Szczęśliwa trzynastka. Julita Izabela Zaprucka laureatką Nagrody Kulturalnej Śląska
Jak długo kieruje Pani jagniątkowskim muzeum?
W tym roku mija 13 lat.
Szczęśliwa dla Pani ta trzynastka?
Tak, bardzo. Nagrodę tę traktuję jako uznanie dla mojej pracy w muzeum. To, co prawda, nie pierwsze wyróżnienie, ale z pewnością najważniejsze. Wielka satysfakcja, że muzeum jest postrzegane dziś jako prestiżowa instytucja kultury o międzynarodowym zasięgu. Starałam się przez lata promować to miejsce jako ważne centrum dialogu kultur.
Z bardzo dobrym skutkiem, wszędzie docenianym i nagradzanym przez lata. Podobno, jak się Pani uparła, to pojechała do samego Güntera Grassa?
Tak, do Lubeki. Poprzedzone to było długoletnimi zabiegami.
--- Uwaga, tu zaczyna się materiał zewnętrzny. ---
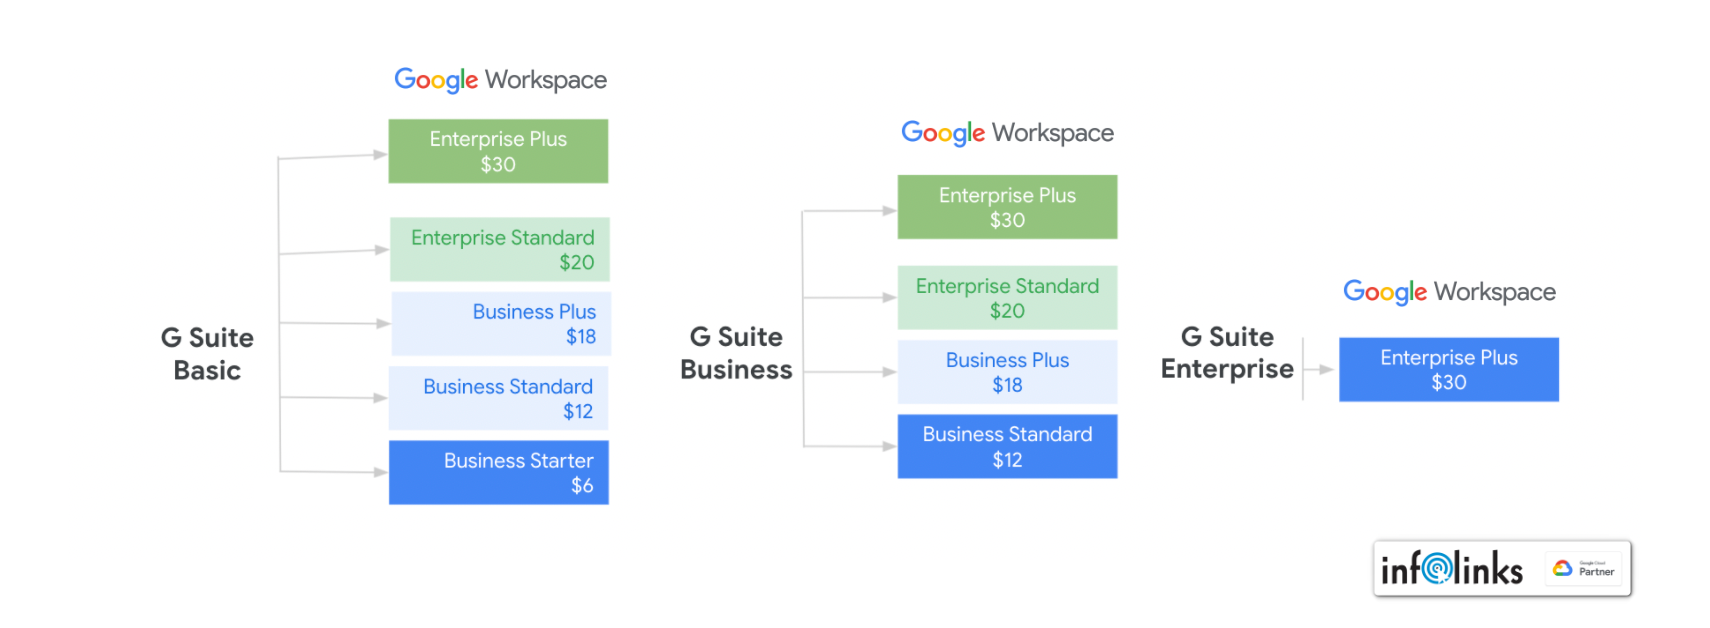 Service transition information from G Suite to Google Workspace

Chciałam pokazać w Polsce innego, nieznanego szerzej Grassa. Jako artystę znakomitych grafik. W rozmowie okazało się, że Grass wiele lat temu był już w willi „Łąkowy Kamień”. Ściągnęłam te grafiki do nas, zorganizowałam konferencję poświęconą jemu, pokazałam sfilmowane jego dzieła. Ale ten inny twórczo Grass był dla wielu niespodzianką.
Do Jagniątkowa przyjeżdżał także Tadeusz Różewicz.
Należał do grona bliskich przyjaciół naszego Domu. W naszej księdze gości zapisał: tu kultura polska i niemiecka podały sobie ręce.
To ważne słowa.
Tak, dumna jestem z tego wpisu. Choć zawsze do nas przyjeżdżał incognito, nie lubił blasku fleszy i dziennikarskiego zainteresowania swoją osobą. Bywał po kilka dni, regularnie. Wiem, że nawet tu tworzył. Ja starałam się zapewnić mu dyskrecję podczas pobytu.
Sporo dzieje się w Jagniątkowie.
Staram się, by spotykali się tu ludzie kultury, twórcy różnych dziedzin, nie tylko literaci. Dbam, by tu było miejsce spotkań Polaków i Niemców, Europejczyków. Prawdziwe miejsce dialogu międzykulturowego. Udaje się, zaś Hauptmann jest tu tylko symbolem, zespalającym ten dialog. Naszą ofertę kulturalną staramy się kierować do różnych odbiorców.